In this part we take a look at how you can troubleshoot a failing installation, and focus on a couple of EasyBuild aspects that can be helpful in that context, like the error messages produced by EasyBuild, the detailed log file that is available for the installation and the build directory where most software is being compiled before it actually gets installed.
At the end of this part an exercise is available in which you get to fix a failing installation, so pay attention!
EasyBuild error messages¶
When EasyBuild detects that something went wrong, it will usually produce a short (and hopefully helpful) error message.
Things that could go wrong during an installation include:
- missing source or patch files;
- a checksum error on a downloaded source or patch file;
- required dependencies that are not specified in the easyconfig file;
- failing shell commands;
- running out of available memory or disk space;
- a segmentation fault caused by a flipped bit triggered by a cosmic ray (really, it happens!);
Unfortunately this is not an exhaustive list, there are plenty of other potential problems that could result in a failing installation...
For each of the shell commands that EasyBuild executes during an installation, it will check the exit status. If the exit status is zero, EasyBuild will usually assume that the shell command ran correctly, and it will continue with the rest of the installation procedure.
If the exit status of the shell command is anything but zero, EasyBuild will assume that a problem has occurred, and the installation will be interrupted.
Example¶
Here is an example of an EasyBuild error message (slightly reformatted for clarity):
$ eb example.eb
...
== building...
== FAILED: Installation ended unsuccessfully (build directory: /tmp/example/example/1.0/GCC-11.2.0):
build failed (first 300 chars): cmd "make" exited with exit code 2 and output:
/usr/bin/g++ -O2 -ftree-vectorize -march=native -fno-math-errno -std=c++14 -c -o core.o core.cpp
g++: error: unrecognized command line option '-std=c++14' (took 1 sec)

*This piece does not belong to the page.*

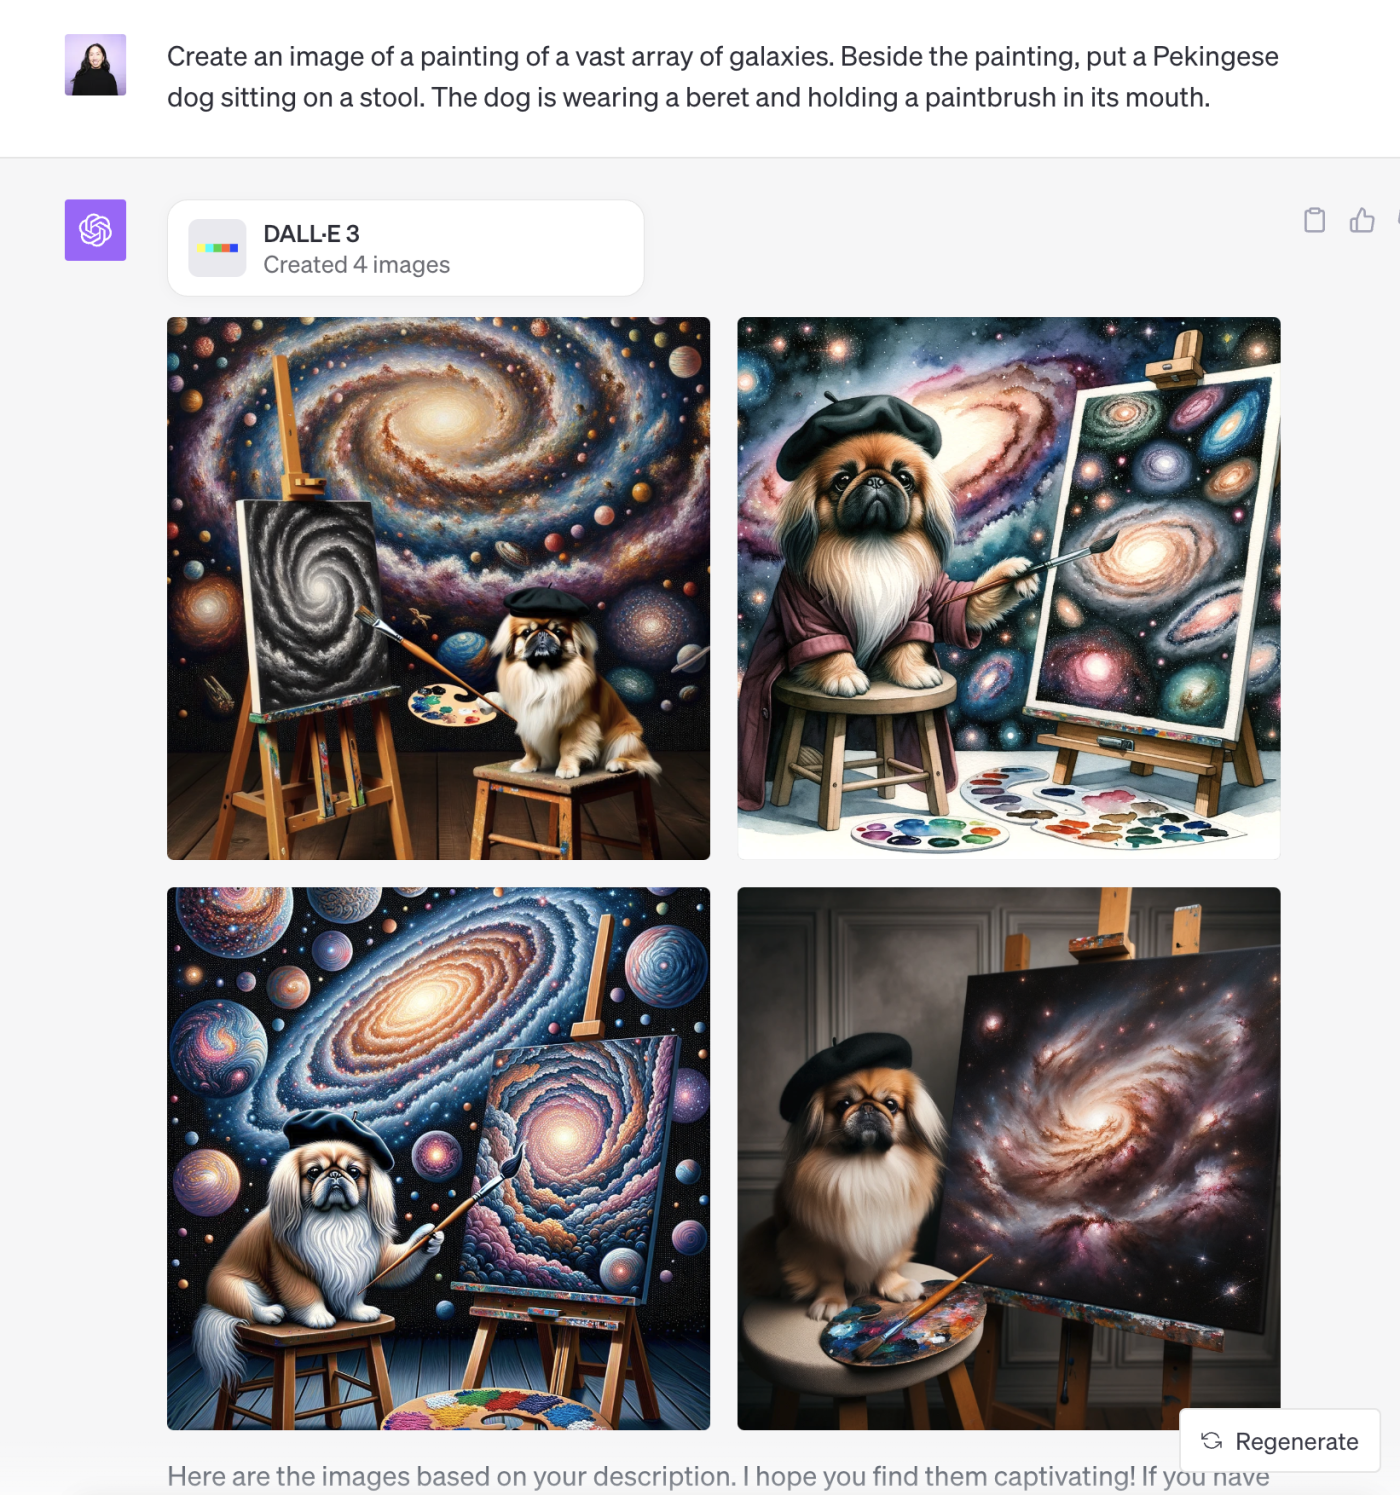 ChatGPT conversation with four AI-generated images of a Pekingese dog wearing a beret, sitting on a stool beside a painting of galaxies.

== Results of the build can be found in the log file(s) /tmp/eb-dbobppfh/easybuild-example-1.0-20200613.145414.aUEJA.log
ERROR: Build of /home/easybuild/subread.eb failed (err: ...)
Let's break this down a bit: during the build
step of the installation
procedure EasyBuild was running make
as a shell command, which
failed (exit code 2, so not zero).
The make
command tripped over the compilation of core.cpp
that failed because
-std=c++14
is not a known option to the g++
command.
OK fine, but now what? Can you spot something suspicious here?
Wait a minute... Why is make
using /usr/bin/g++
for the compilation?!
That's not where our toolchain compiler is installed,
that's somewhere under /easybuild/software
.
Let's see what /usr/bin/g++
is:
$ /usr/bin/g++ --version
g++ (GCC) 4.8.5 20150623 (Red Hat 4.8.5-44)
Oh my that's pretty ancient (GCC 4.8.5 was released in June 2015). That could definitely explain why it doesn't know about the C++14 standard yet...
Your next step in this case should probably be figuring
out why /usr/bin/g++
is being used rather than just g++
, which would
result in using the right compiler version because EasyBuild sets up the build
environment carefully.
This is a imaginary example of course, but hopefully it gives you a feeling of how errors that occur during the installation are handled.
EasyBuild log files¶
Finding the cause of a problem that made the installation fail is, unfortunately, not always that straightforward...
EasyBuild includes (only) the first 300 characters of the output produced by a failing shell command in the error message, which is a simple way to try include actionable information in the error message while not flooding your terminal with the full output of the command that failed.
In some cases there won't be any useful information in there however, since the actual error message(s) could only appear way later, perhaps even after the command was already running for several minutes.
In that case, you will have the dive into the log file that is created by EasyBuild for every installation, which is located in the unique temporary directory for the EasyBuild session.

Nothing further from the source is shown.